Tal vez, para muchos de los que nos lean, profanos y hasta algunos artistas, resultará anómalo el que incluyamos a los guitarristas, en nuestro relato, y no por lo que a las personalidades atañe sino por la guitarra en sí, por ser ésta considerada, generalmente, como un simple instrumento acompañador de canciones y bailes populares, de la cual decía Covarrubias en 1675, "Que era un cencerro de fácil tañer, especialmente en los rasgados, y que no había mozo de caballos que no la tocase." Pero el P. Basilio, gran contrapuntista y organista en el convento de la orden del Cister en Madrid, desmintió completamente tal opinión, sobre dicho instrumento, siendo el primero que estableció el método de tocar punteado, sacándola del uso exclusivo, que hasta entonces tuvo, para acompañar seguidillas, canciones y tiranas.

Desde el siglo XVIII data verdaderamente la importancia de la guitarra, dedicándose a ella artistas que, por su buena ejecución, llegaron a conquistar un nombre distinguido, entre los que sobresalieron, Don Dionisio Aguado, Don José Huertas, D. Fernando Sons, el catalán Ferrer y Esteva, Picornell y otros más, que venciendo dificultades inmensas consiguieron presentar de una manera prodigiosa y admirable todas las buenas cualidades y grandes bellezas de este instrumento de punteo, de invención árabe-española.

Si este instrumento no ha podido formar parte de la orquesta, acaso porque sus sonidos dulces y apagados no pueden producir sensaciones vivas e impresiones fuertes, es en cambio tan agradable, se presta tanto a la expresión y tiene tan dulce melancolía, que es irresistible en ocasiones dadas. Para la inspiración de un buen artista, posee la guitarra condiciones muy apreciables, y bajo la presión de una mano maestra, sabe responder a los afectos del alma como si fuera la verdadera manifestación del sentimiento que hace herir sus cuerdas. Ella, puede decirse, forma una pequeña orquesta que el pueblo ha adoptado como muy suficiente para satisfacer sus necesidades musicales.

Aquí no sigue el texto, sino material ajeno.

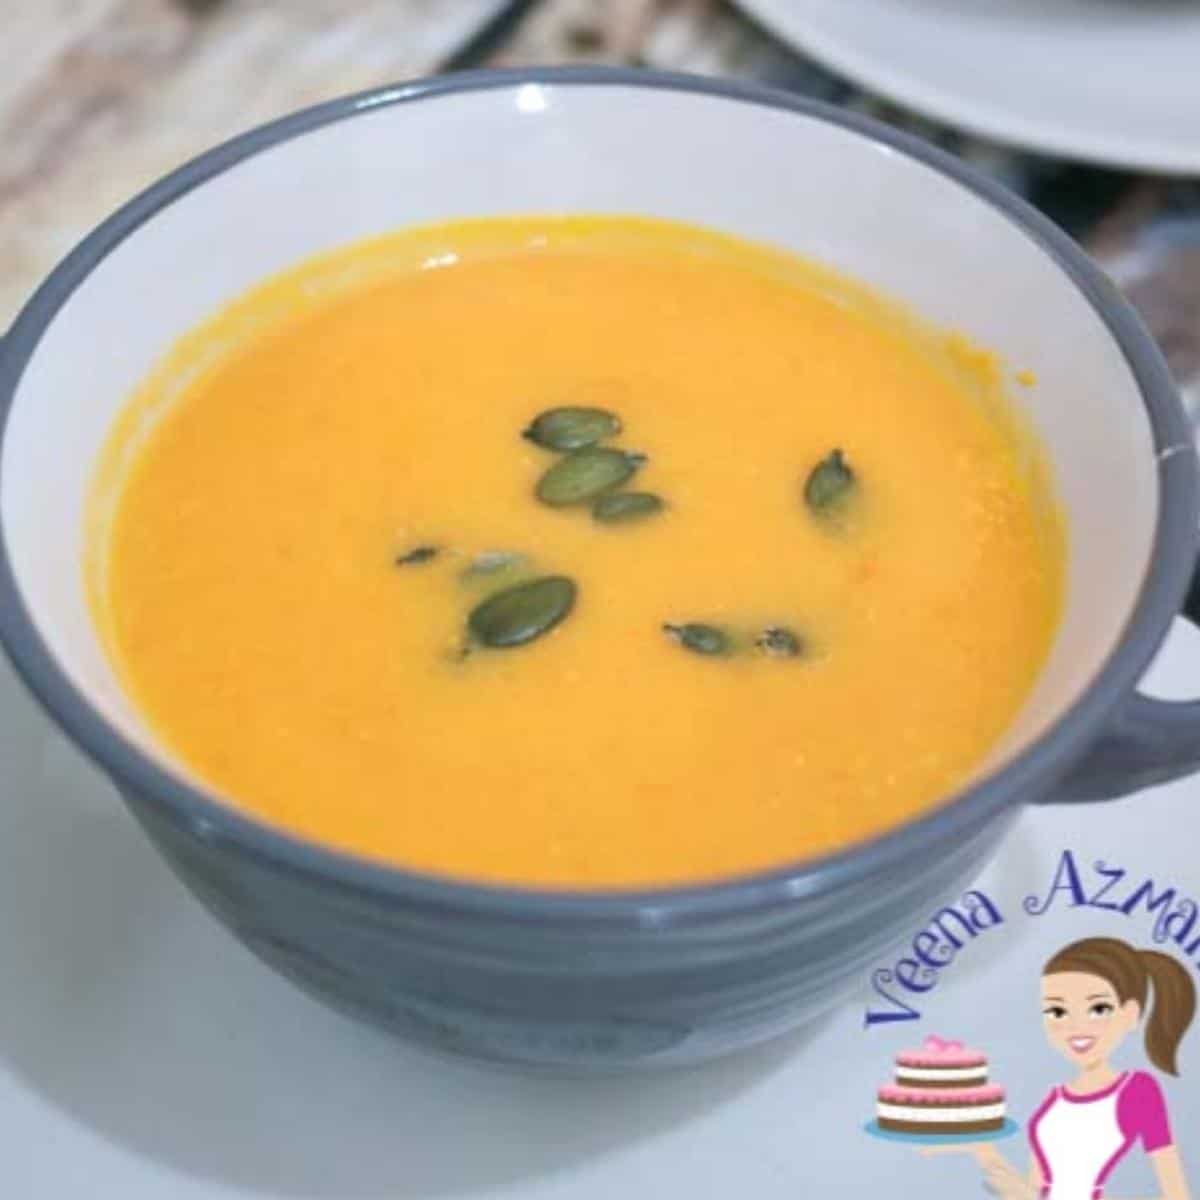 A bowl with soup made with pumpkins.

El hecho de haber podido apreciar el arte exquisito de dos portorriqueños guitarristas a los que hemos de referirnos en esta sección, nos ha movido a exponer los antecedentes históricos musicales sobre tal instrumento.

ÁLVAREZ, Hermógenes.—Semi-profesional.

Hace pocos meses que ha fallecido en Caguas en donde residiera por largos años, cultivando por igual el arte y la literatura. Nació en San Juan y con su hermano Don Mauricio aprendió varios instrumentos y composición. Sobresalió como contrabajista y cellista, también, según las necrologías que publicara la prensa de toda la isla, fué un compositor de exquisita factura y delicada inspiración.

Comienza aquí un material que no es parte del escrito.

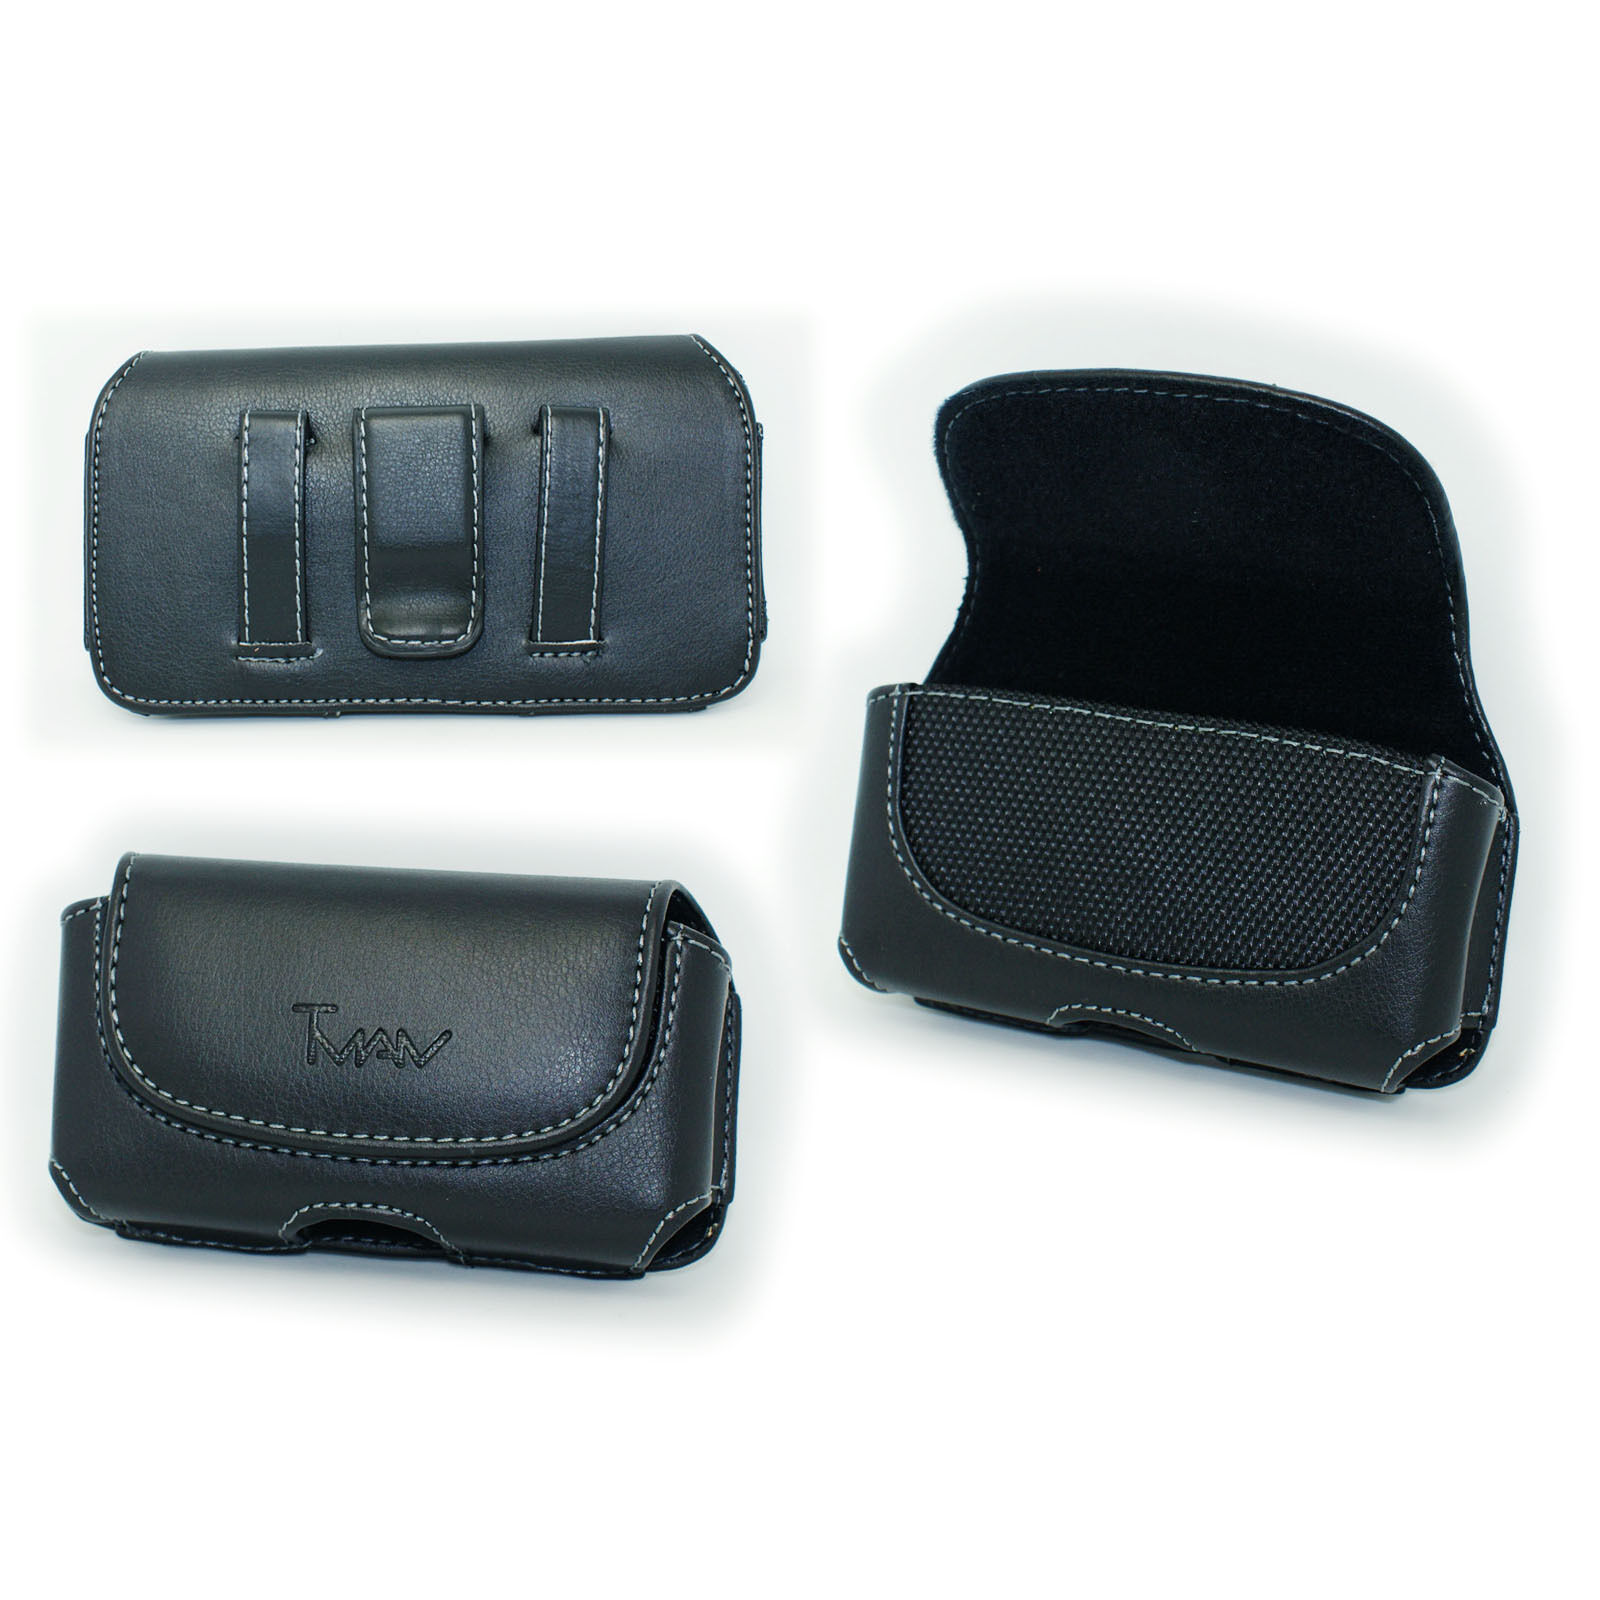 Belt Holster Pouch for Samsung Galaxy J7 J7v (fits with Incipio DualPro Case) - $24.99

Nosotros no tuvimos el honor de conocerle y no hemos visto ni oído sus composiciones por lo que nos vemos privados de emitir opinión alguna, propia. Pero no dudamos un solo instante de su valer, pues habiendo sido su señor padre y su hermano dos de los mejores músicos del país, la herencia le abona.

ÁLVAREZ, Mauricio.—Violinista profesional.

Nació en San Juan el año 1842.

Con su padre Don José, músico distinguidísimo que dirigió las bandas militares de "Granada" y "Cataluña", trasladándose en 1851 a Caguas en donde puede decirse que fué el primer maestro que difundió la buena enseñanza general del arte, aprendió nuestro biografiado, teoría musical, solfeo, armonía y composición.